Talk is cheap. Teller’s upcoming projects are a voice role in the animated picture The Ark and the Aardvark (2019) and a turn as Goose’s son in the Top Gun sequel no one asked for (2020).

But Teller’s bravado – perhaps he is a bit of a dick – does not belie his acting ability. And four months after being arrested, he told Vulture magazine: “I absolutely do care what people think about me. But I can’t put much weight into whether the public likes me because the more important thing is that, as an actor, I can truly say that there’s not a single director or actor who I’ve worked with that’d have a bad thing to say about me.”

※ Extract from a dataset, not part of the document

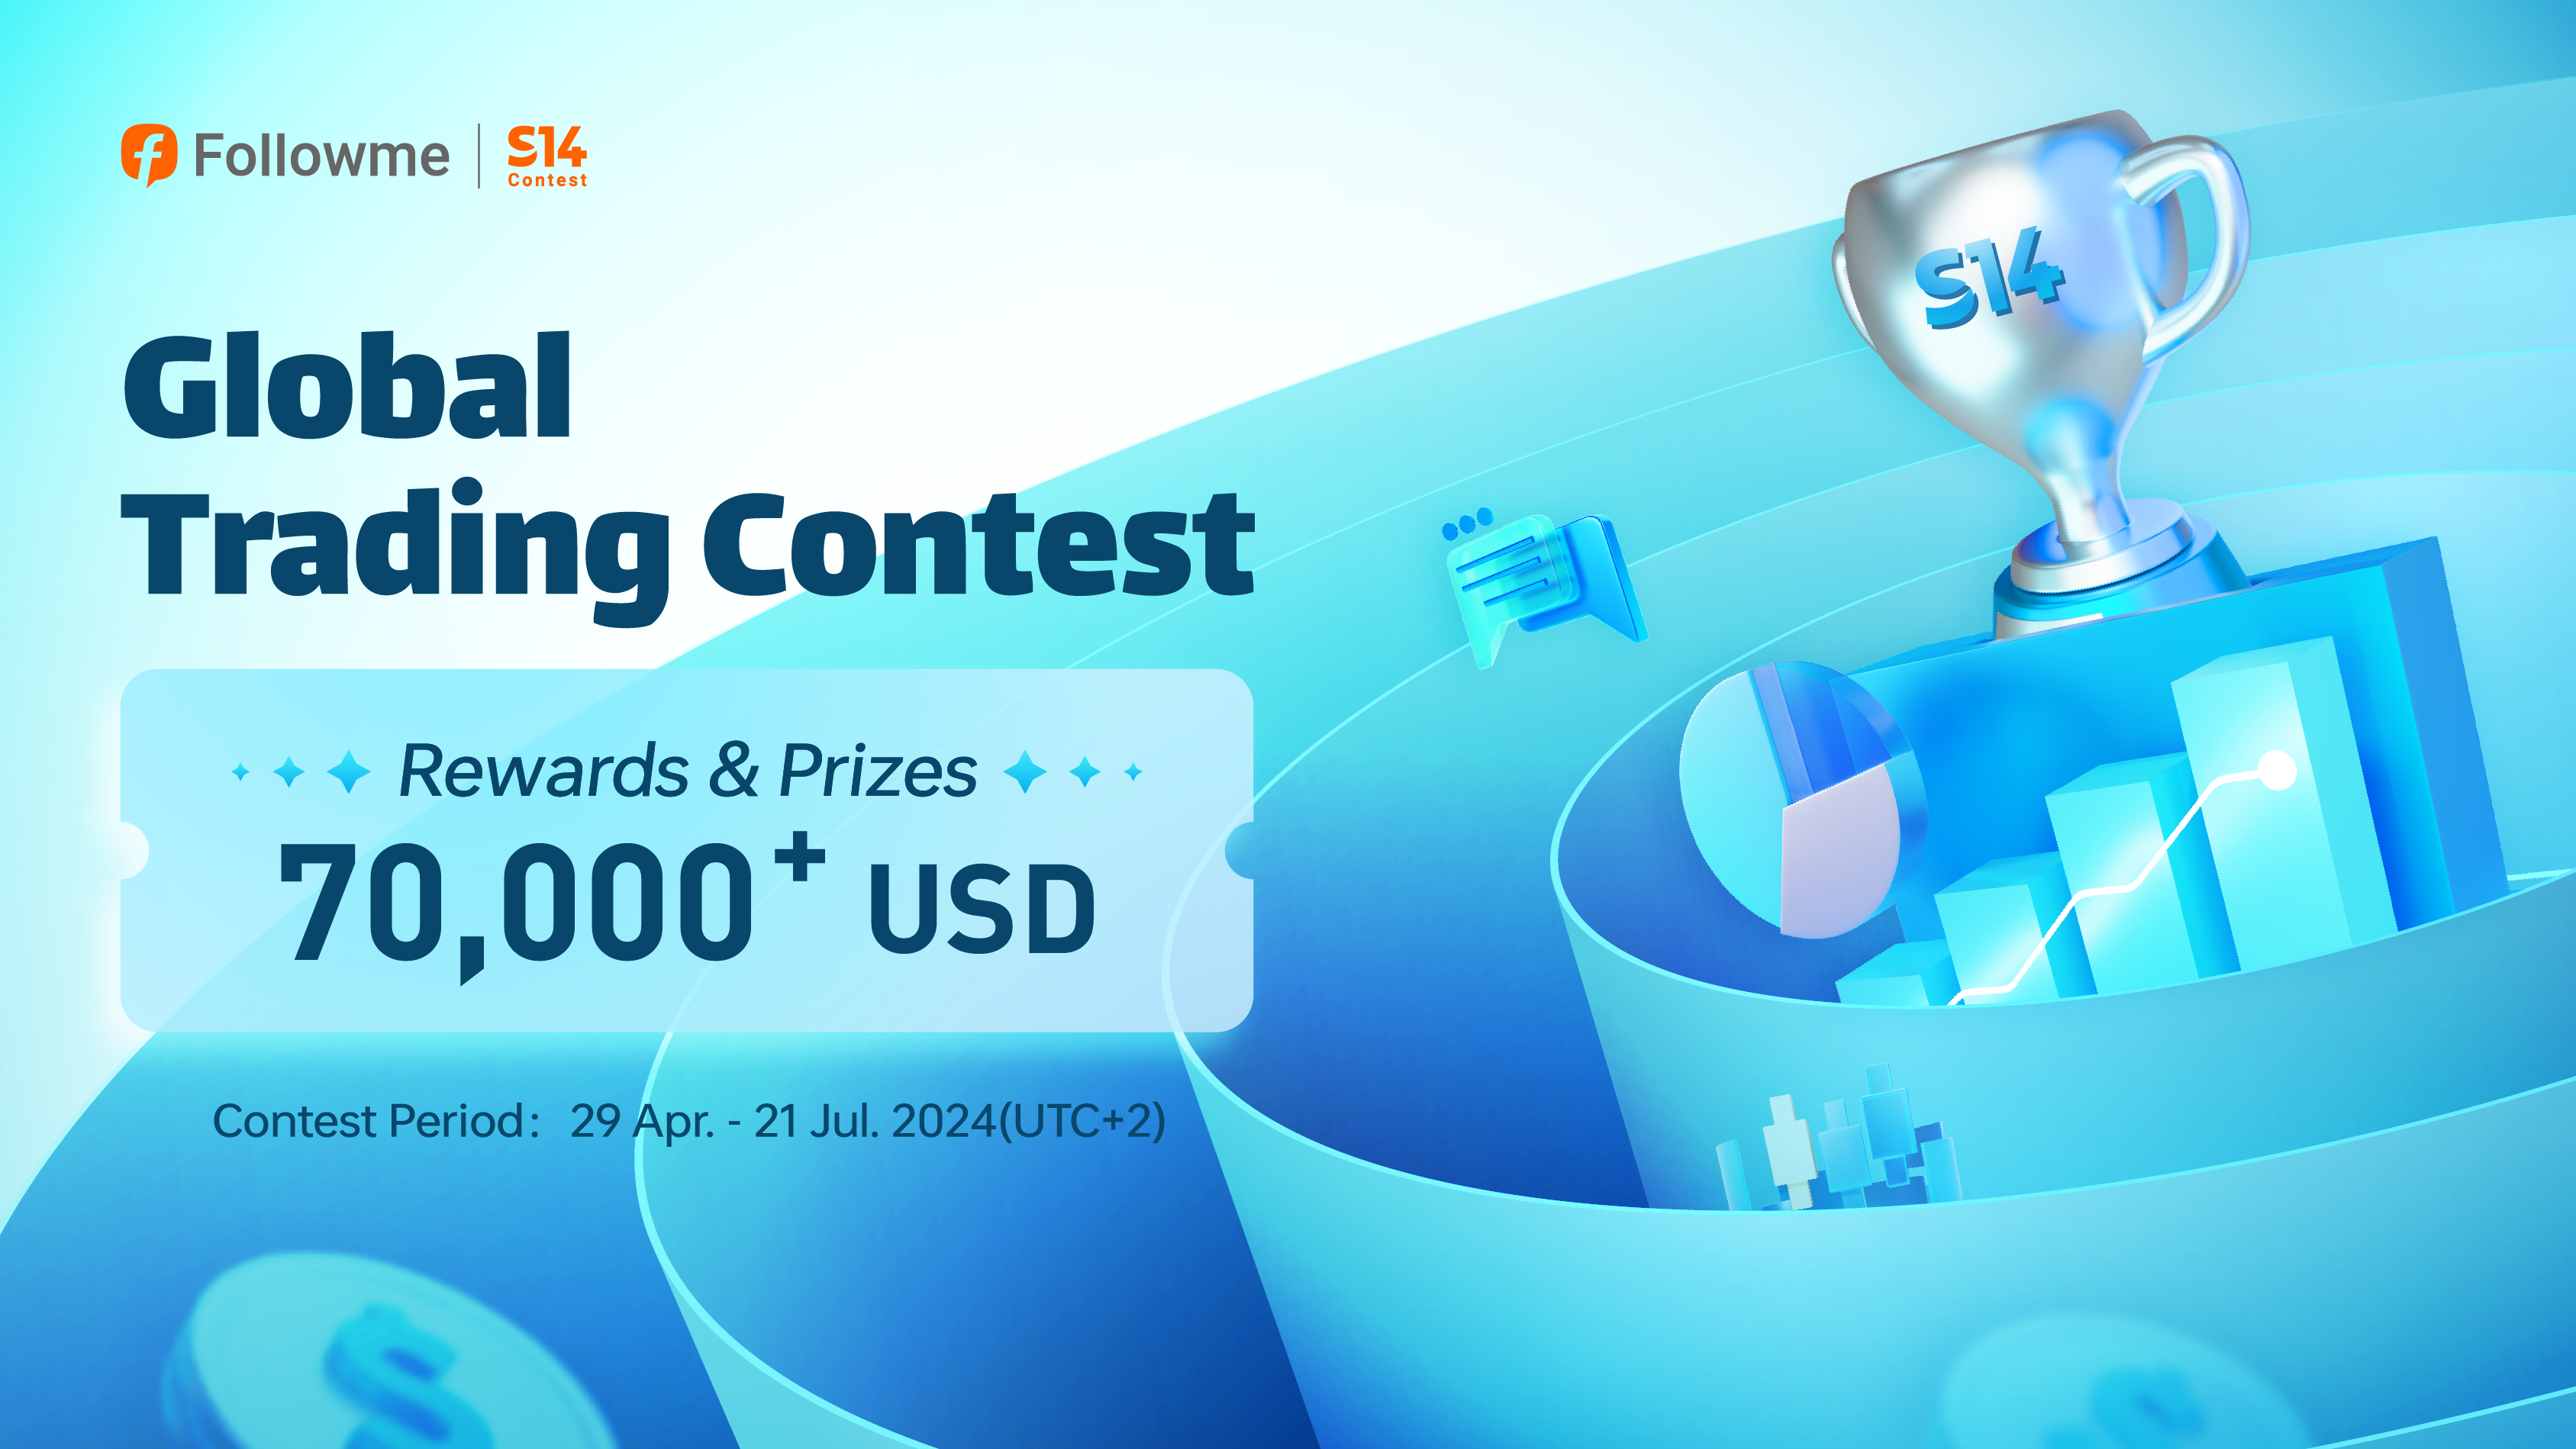 S14 FOLLOWME Global Trading Contest Begins | Join Now to Compete for the Ultimate Grand Prize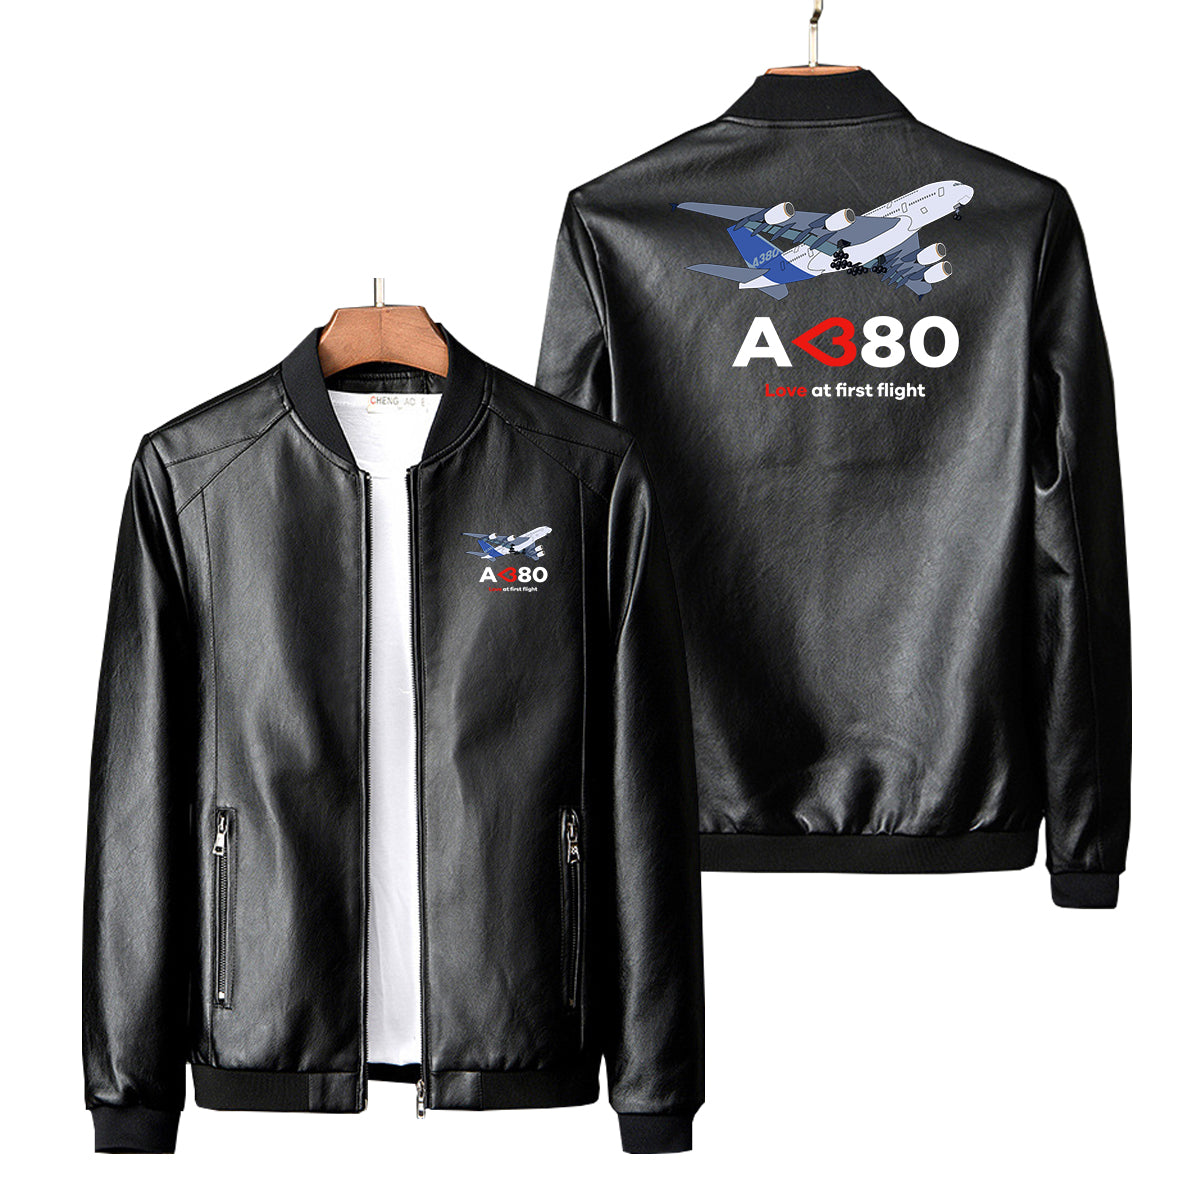 Airbus A380 Love at first flight Designed PU Leather Jackets

Josh Trank, the director of Fantastic Four with whom Teller reportedly almost came to blows with on set, may disagree; but on balance, he is right. Teller, despite his brashness and several bad choices for roles, is still considered hot property in Hollywood. Whiplash remains fresh in people’s memory, because it was that good, and Teller, when he chooses his role well, is a committed method actor and an expert in depicting suffering.

That’s probably because, as far as good-looking millionaires go, Teller has suffered a lot. In 2007, while travelling to a Grateful Dead concert with friends, he was involved in a car crash, and thrown through the windscreen at 80mph. He somehow survived, but required multiple laser surgeries to repair the damage done to his face.

In 2008, one of his closest friends, Nick, was killed after being knocked off his motorcycle. A month later, another close friend, Beau, died in a car crash. Teller had sat next to Beau at Nick’s funeral. It is intriguing, then, that so many of Teller’s films to date have involved road accidents; and the raw emotion that he is able draw on is one of the big guns in his arsenal.

Yet, at 31, Teller is still being talked about with a “promising” tag, rather than in line for the Oscar he is capable of winning. With the right role – he would excel as a troubled genius or an anti-hero – Teller could live up to the hype.

As for being a dick, does it really matter? Teller definitely has some growing up to do, both personally and professionally, but if he does, the end result will be great.